Accounting is Easy, Right???

The First Installment in the  “Accounting Made Easy for [Business Owners/Attorneys]” Series

An Interview by YOU with M. Martin (Marty) Mercer, J.D., CPA, FCPA, CFE, CFF

 YOU: So Marty, you maintain that accounting is easy but it seems complicated & very detail oriented. Why do you say it is so easy?

MARTY: We all are familiar with the formula: “Assets = Liabilities + Equity”.  And we all know the rules that both sides of this equation need to be equal in dollar amount.

YOU: Sure, but you are not telling me anything we all don’t already know. We have all learned that “Assets = Liabilities + Equity”.  But after that things get really complicated with detailed Income Statements; I still don’t know what a Cash Flow Statement is supposed to be telling me; and, to this day, Debits & Credits still trip me up but I am embarrassed to admit it. Just when I think I understand Debits & Credits then they go and reverse on me again… #$^%#@!!! How can you say accounting is easy and then just drag out that old formula “Assets = Liabilities + Equity” and expect us to believe it???  (Easy for you because you’re a CPA…)

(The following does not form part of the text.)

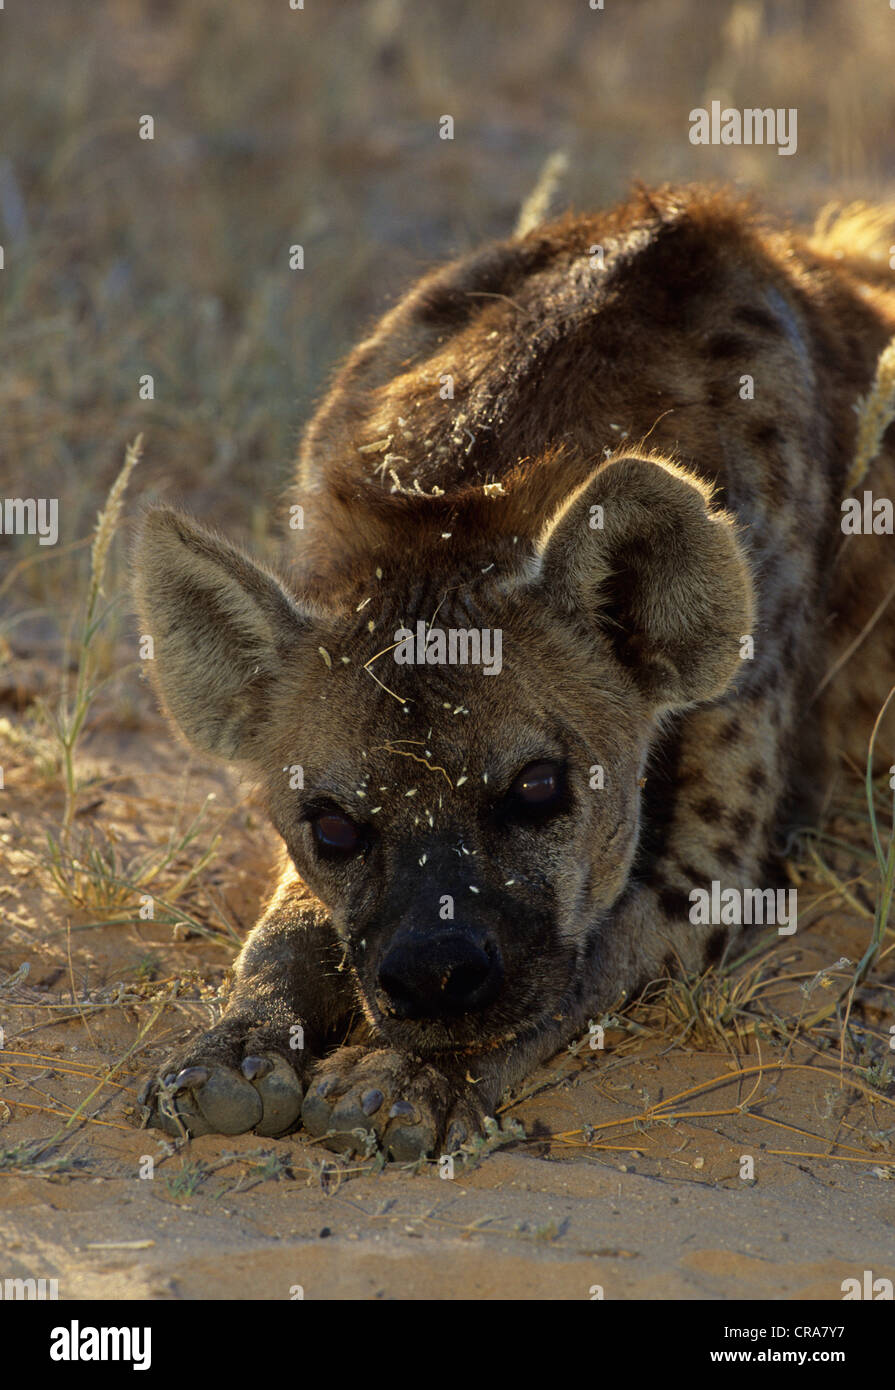 Hiena manchada (crocuta crocuta), el parque transfronterizo Kgalagadi, Africa del Sur, Africa kalahari Foto de stock

MARTY: What I was about to say before you interrupted & went into a rant was that most people (even folks with degrees in accounting) think they know what the formula “Assets = Liabilities + Equity” means, but they really don’t. As a result, most people move on to the very complex detail of accounting without understanding the nature & context of that detail in the overall accounting model; and they are forever destined to be confused by accounting transactions (particularly Debits & Credits).

When I was 30 years younger, 100 lbs. lighter & incredibly handsome; I took the time to truly understand what “Assets = Liabilities + Equity” means and passed the 3-Day, 4-Part ‘CPA Certification Exam’ 6 months after taking my 1st accounting course (This also involved a memorable experience with a Nurse from UCLA, 4 bottles of wine, & some ice cubes)… but I digress…

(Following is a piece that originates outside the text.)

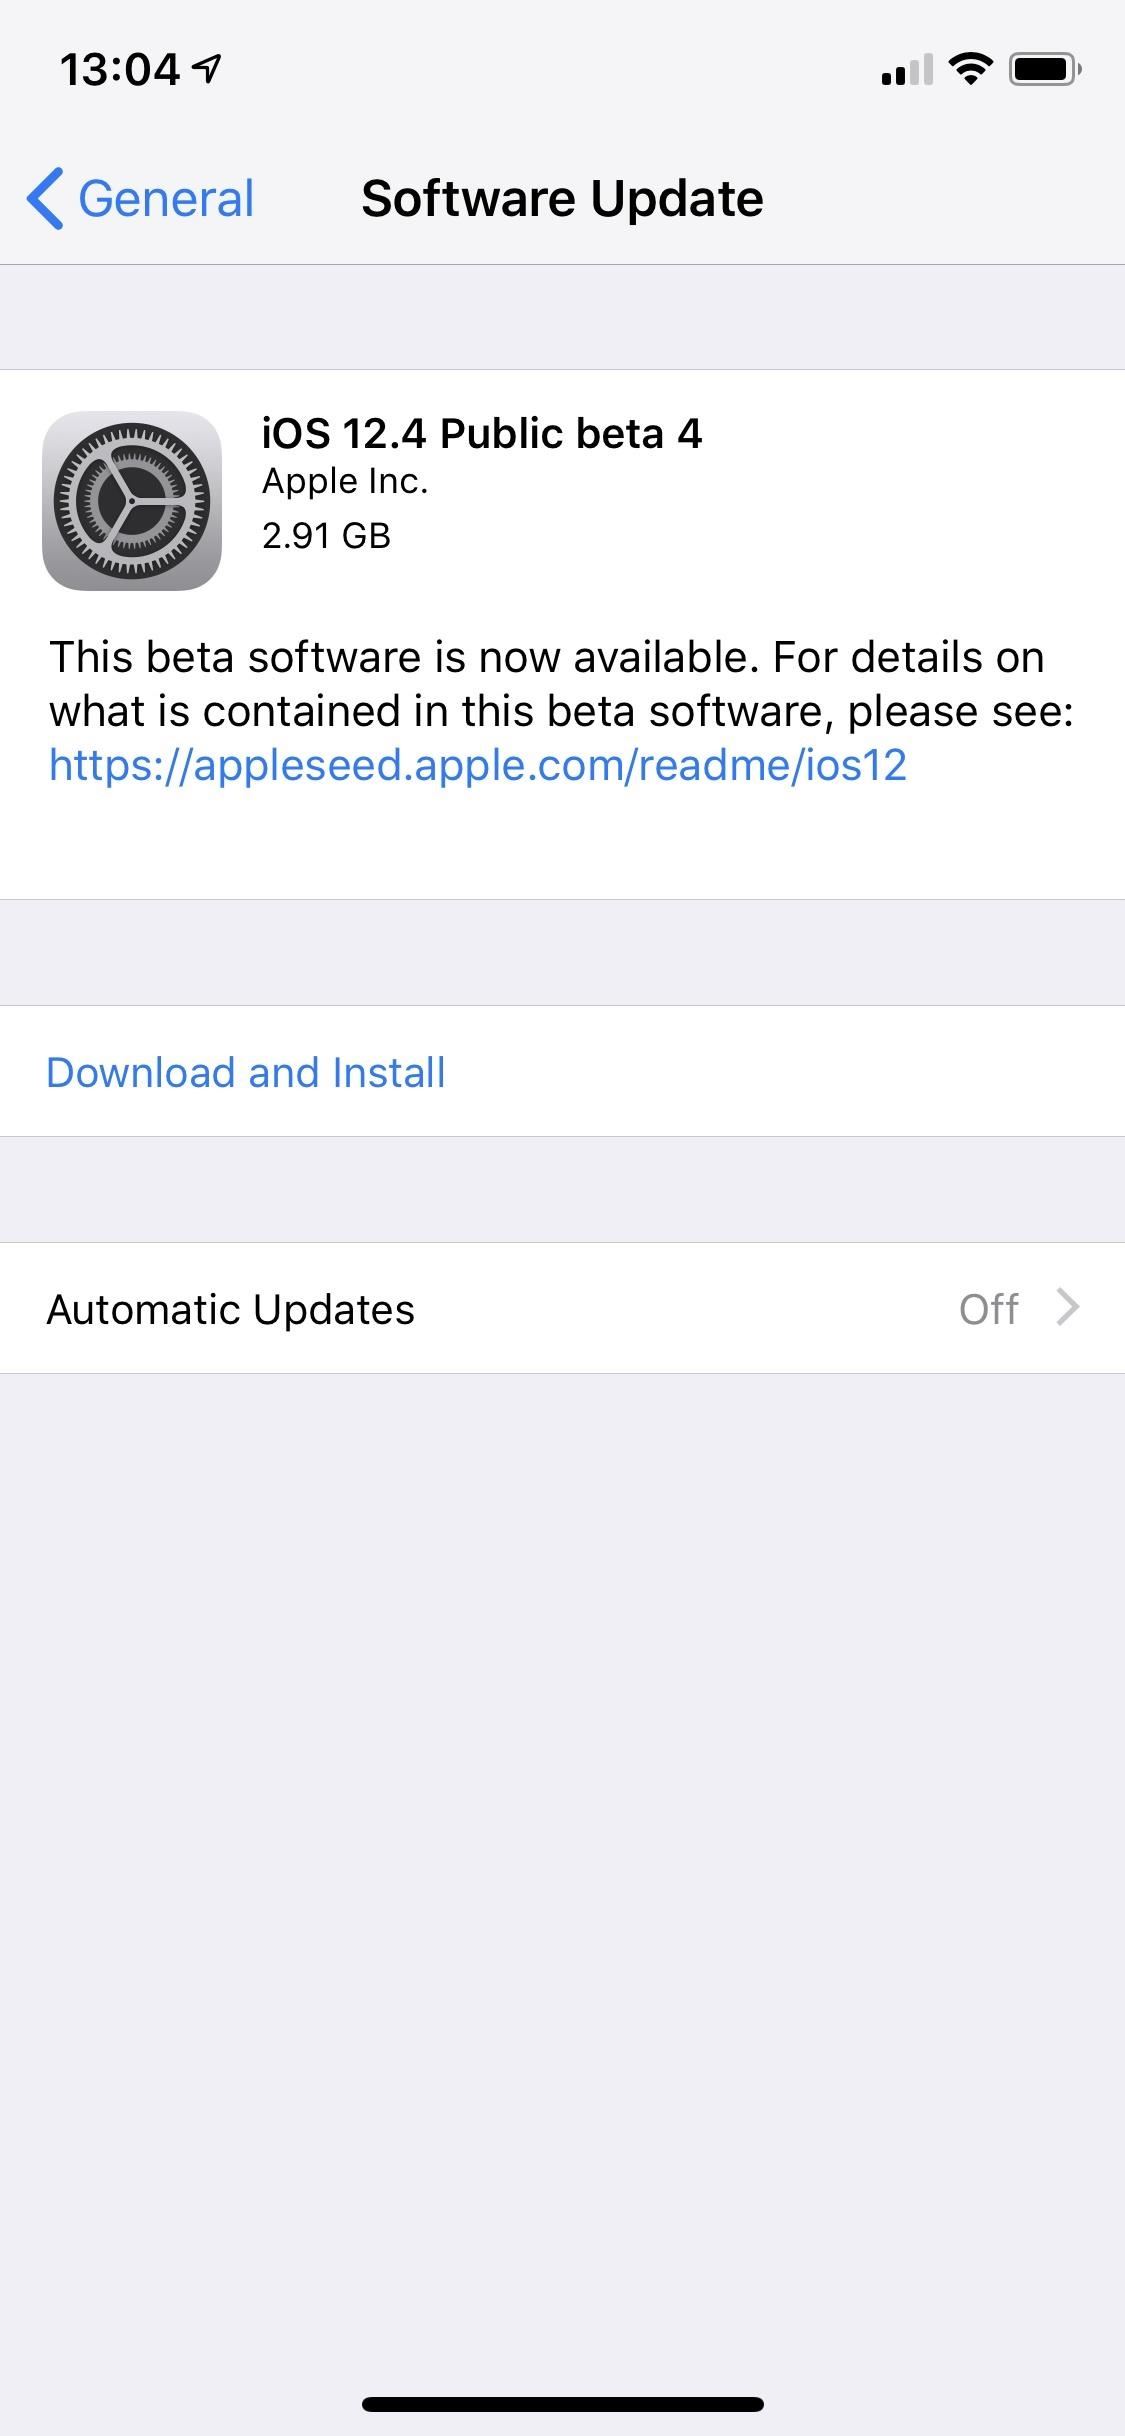 Apple Releases iOS 12.4 Public Beta 4 for iPhone

The point is that if you truly understand what the formula “Assets = Liabilities +Equity” means, then you will be able to put any transaction of a business into that formula and instantly understand the consequence & context that transaction has to the financial well-being of that company.

YOU:  Intriguing… I think I understand the formula, “Assets = Liabilities + Equity” but how do I know if I truly do understand it?

MARTY:  Easy… tell-tale answers to a few questions:

What does the formula really mean?
Why does there need to be two (2) sides to this formula (why not just one)?

If you cannot really answer these questions with specificity then this is an indication that you can recite the formula and know, in part, how it works; but you are not clear about what questions the formula is attempting to answer about a company.

YOU: When I don’t understand something, I don’t like to admit it and just get quiet… [long pause of silence…………]

YOU: So how would a person (let’s say a friend of mine) truly learn what the formula “Assets = Liabilities + Equity” means?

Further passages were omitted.